Nevertheless, All Asset All Authority's leverage increases its investable assets, adding to the potential strain on the underlying funds. At the end of January 2013, gross leverage stood at 24.6% of that fund's $31 billion in assets. This took the fund's investable asset base to $38.7 billion and the two funds' combined assets to $71.6 billion.

That's $8.5 billion more than the funds collectively held as recently as September 2012, the latest month for which PIMCO has disclosed individual positions. At that time there were 41 underlying funds between the two portfolios. The two All Asset funds accounted for more than 25% of assets for 26 of the funds. More strikingly, the duo claimed 75% or more of assets for 10 of the funds. (See the table.) This includes notable offerings such as PIMCO Emerging Markets Currency PLMDX and PIMCO Floating Income PFIDX. With the All Asset funds $8.5 billion larger four months later, some of those percentages have likely increased.

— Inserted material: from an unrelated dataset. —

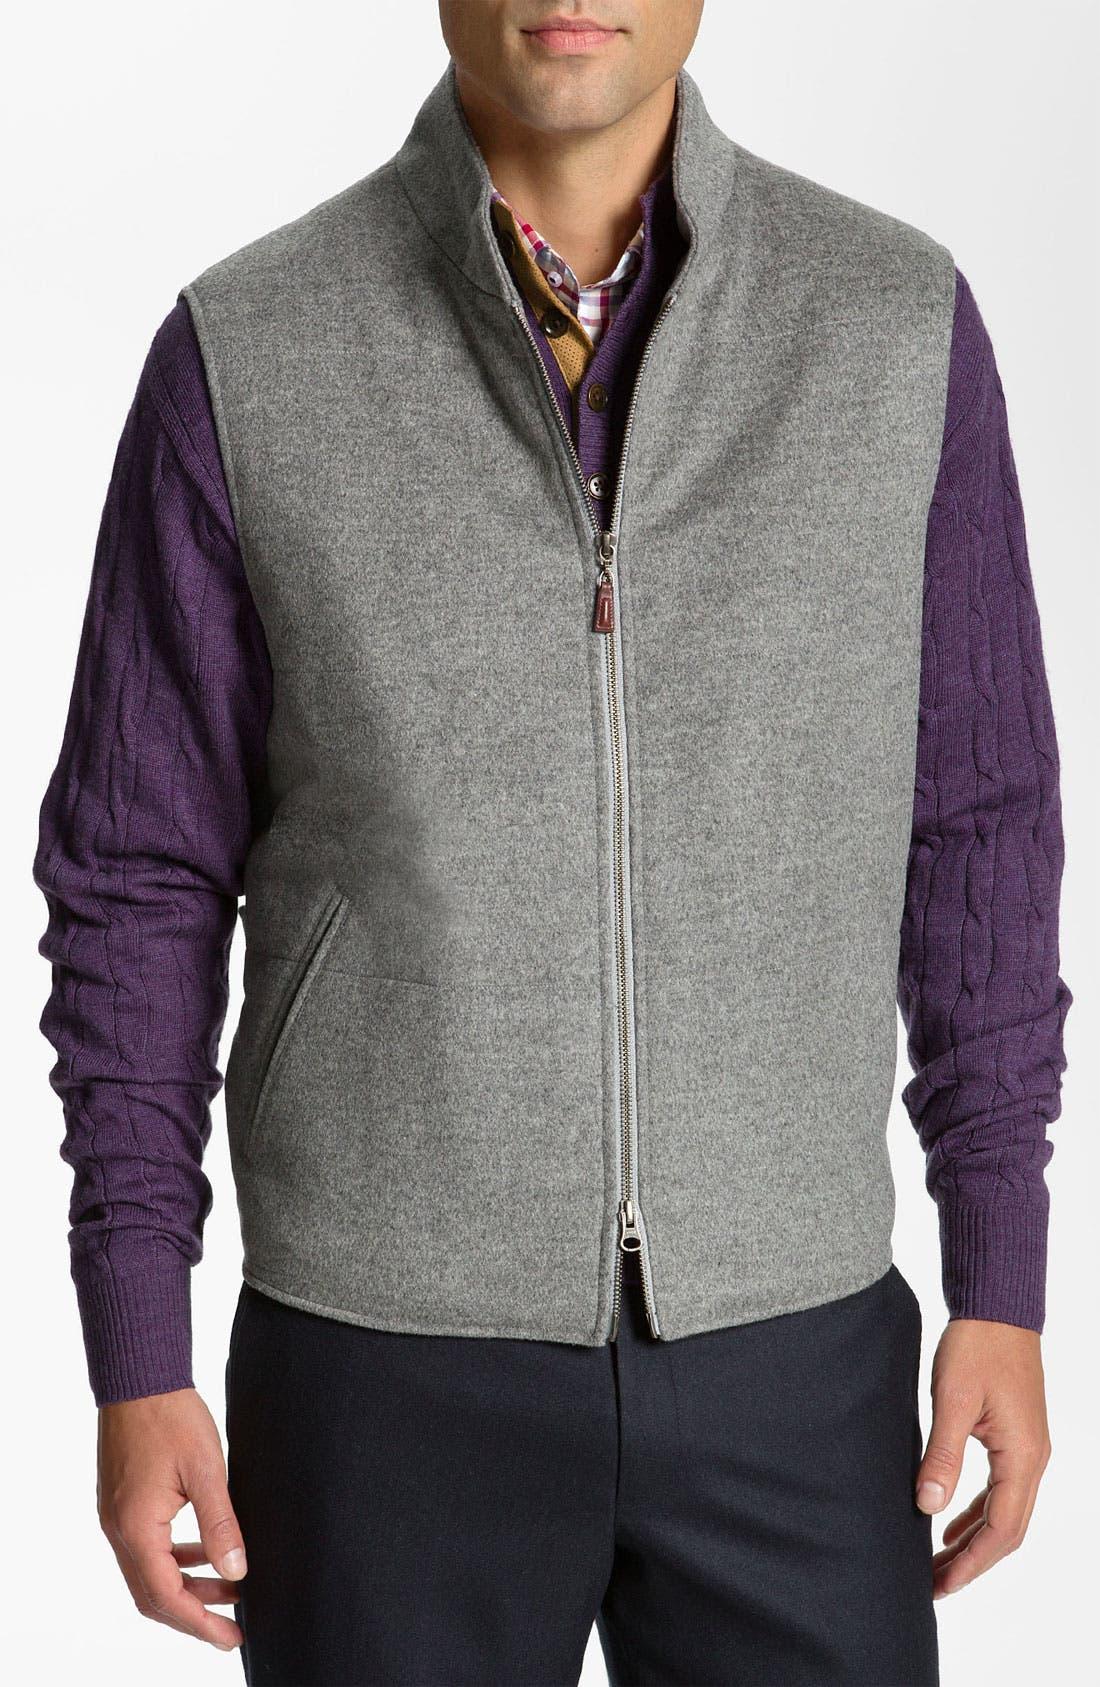 Main Image - Peter Millar Wool & Cashmere Vest

Furthermore, some of these relatively large positions are in funds whose underlying holdings in areas such as high-yield bonds and emerging-markets debt are themselves not terribly liquid. Exploding credit spreads during the 2008 crisis showed what can happen when liquidity evaporates from the high-yield market. Although emerging-markets debt generally fared better than high-yield in 2008, PIMCO Emerging Markets Currency lost nearly 15% as it was forced to liquidate holdings to meet heavy redemptions. (The fund has since made adjustments to its strategy to keep its portfolio more liquid.) As the All Asset funds continue to grow, it may become more difficult for Arnott to quickly reduce such positions, especially in the midst of a market meltdown. Or barring that, it may at least become more difficult for the All Asset funds to adjust position sizes without disrupting the underlying portfolios.

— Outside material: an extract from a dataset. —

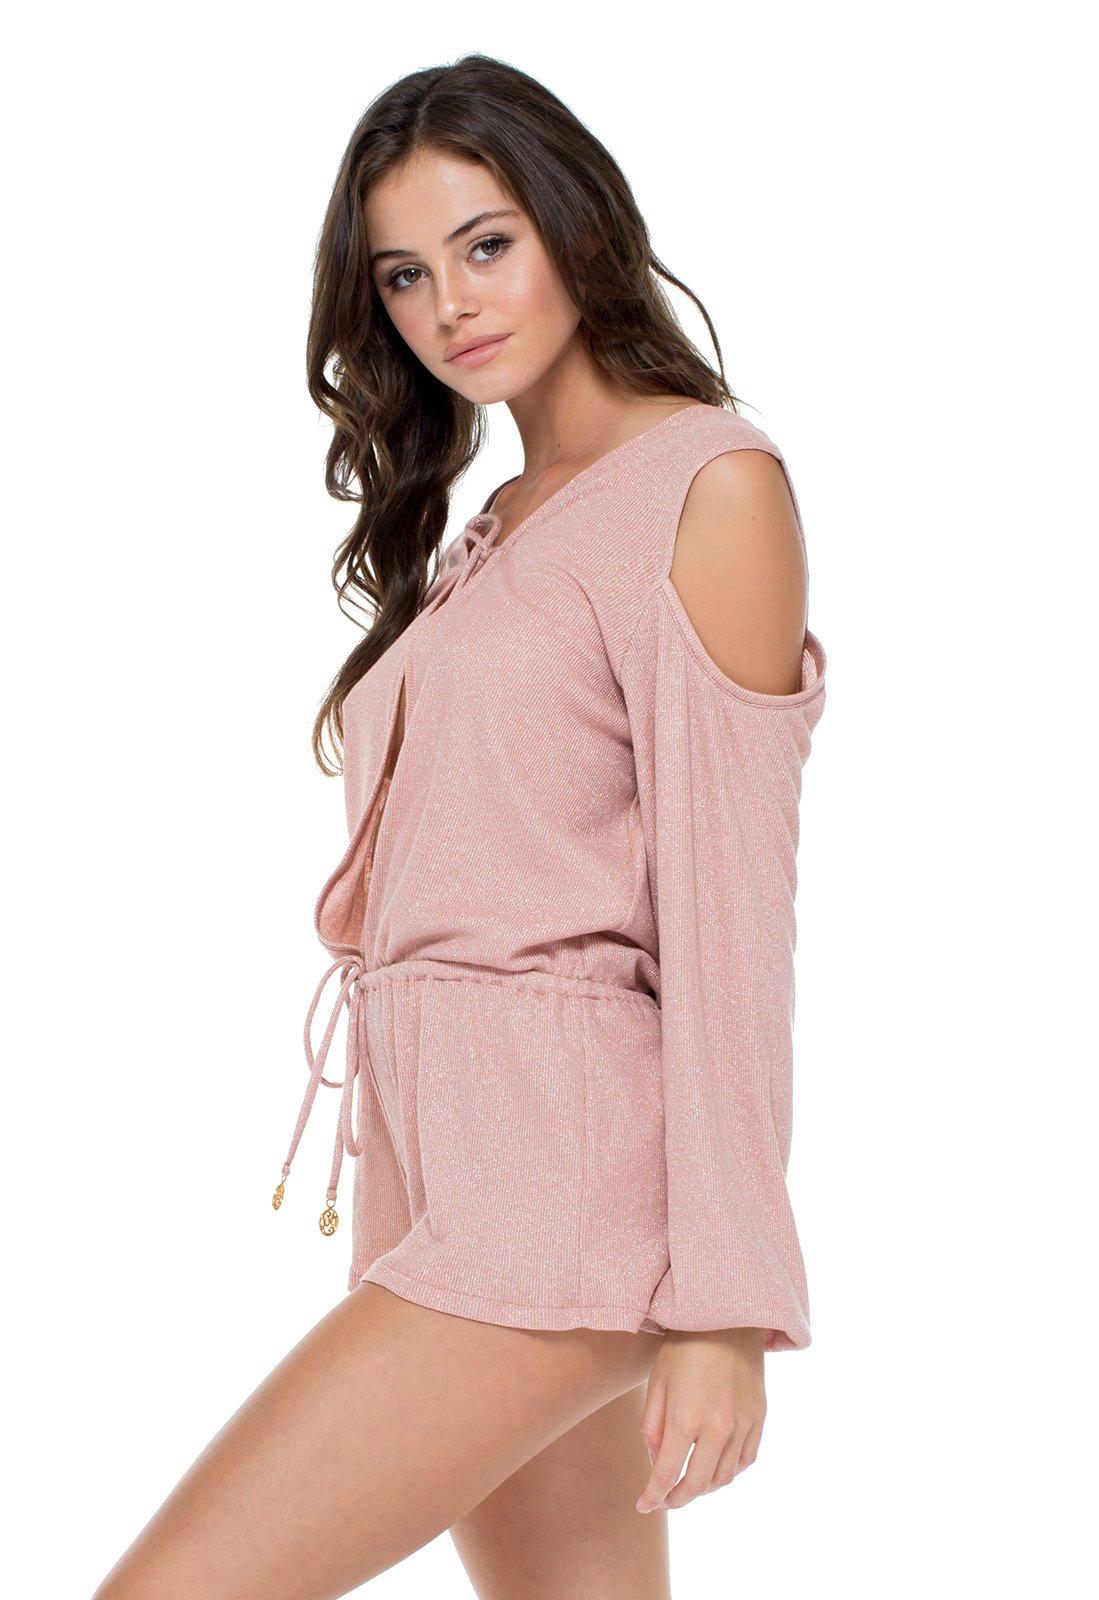 4a890e8f9e85 Sparkling Pink Long-sleeved Romper - Sabor Longsleeve Romper - Luli Fama

Long-Term Contrarian vs. Short-Term Trendy
However, Arnott sees that as an unlikely scenario. He prides himself on being a long-term, contrarian investor who wouldn't be inclined to sell under such circumstances. That philosophy has been one of the keys to his funds' success. Unfortunately, it's likely that not all the funds' shareholders share that philosophy, especially the newer ones who have been lured by the funds' plump payouts (both sported SEC yields above 4.5% as of Jan. 31, 2013). It should be noted that Arnott manages both funds for total return rather than income, but his valuation models have led him to put 50% or more of both funds in popular emerging-markets bond and high-yield bond funds lately. So, while he isn't necessarily chasing yield, that distinction may be lost on income-hungry investors.

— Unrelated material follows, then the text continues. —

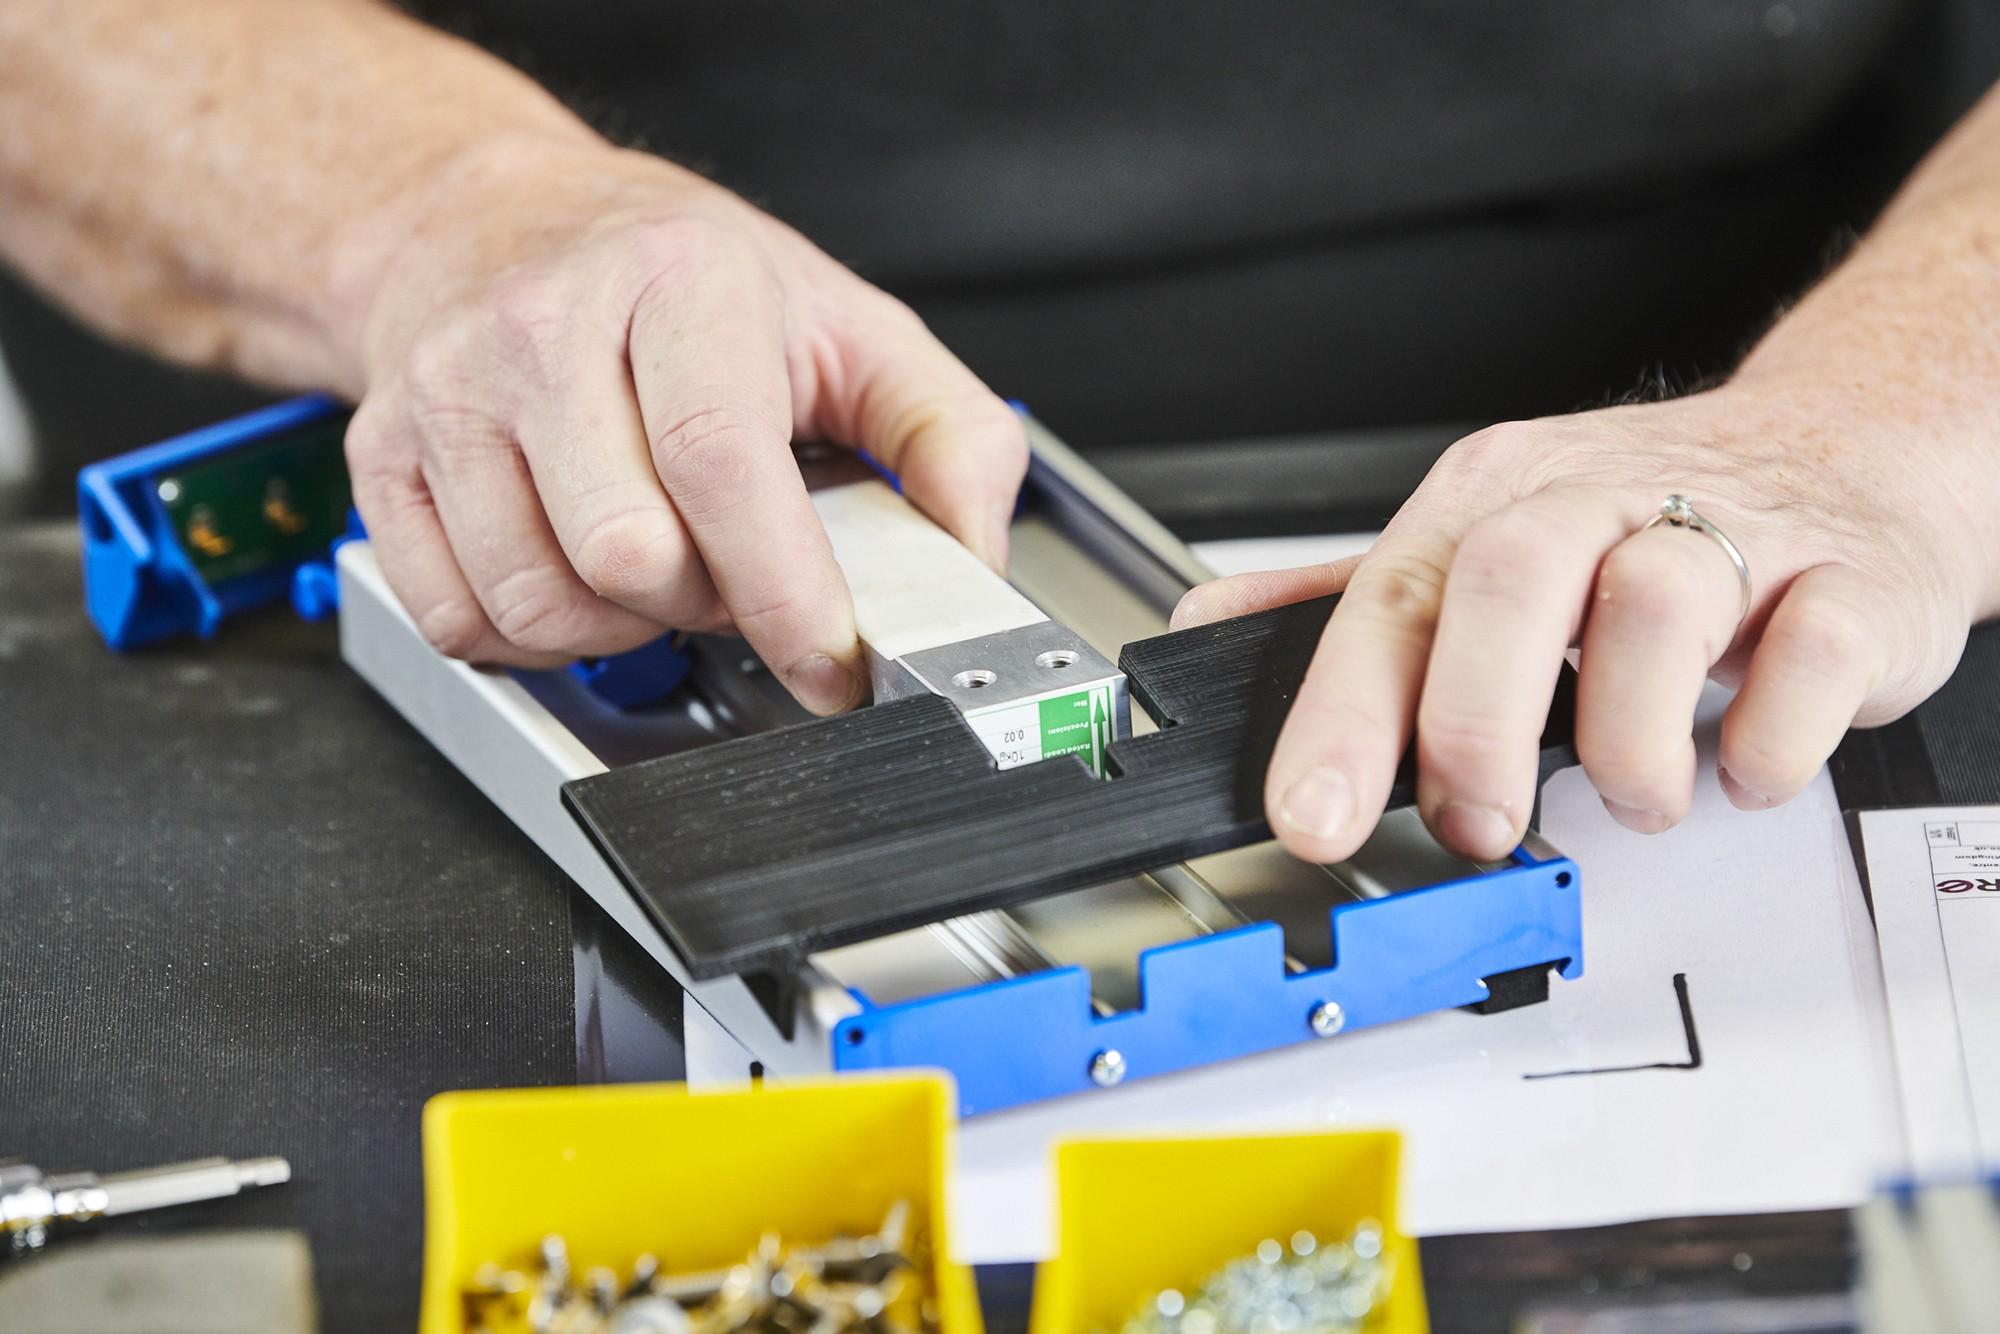 Inventor-e (iVendScale/iBinScale) » PPAutomation Tony Profiles Aug2021 0195 » PP Control & Automation

Even so, Arnott doesn't fear the potential impact of mass redemptions. The funds themselves are well diversified across PIMCO offerings. He also says that liquidity is monitored closely across both the underlying PIMCO offerings and the All Asset funds. Based on internal stress tests, Arnott estimates that he could move $6 billion in a day under normal market conditions. Although the funds are far larger today, that's well beyond the funds' greatest prior one-day outflow of $250 million during the credit crisis. If redemptions picked up, he estimates that he could liquidate 30% of assets in a month.

Yet, as we've all learned since 2008, market stress can't always be accurately forecasted. And things can change quickly in the world of daily liquidity, open-end mutual funds. As many equity funds can attest (see American Funds Growth Fund of America AGTHX and Fairholme FAIRX), money can leave a fund even more quickly than it entered if expectations, realistic or not, are not met. Plus, All Asset All Authority's leverage introduces another potential wild card to the mix. (There's a reason why such leverage is rare in the open-end world.) And even if another crisis never materializes, the funds may have less flexibility as they continue to grow. Arnott himself acknowledges that tactical shifts could become more difficult to execute.

To be sure, liquidity and capacity are not imminent concerns for the funds. But  long-term asset growth of the All Asset funds is worth monitoring. It's difficult to say when a fund has reached capacity, but no fund's capacity is limitless, even ones so broadly diversified. 

Kevin McDevitt is an Editorial Director with Morningstar.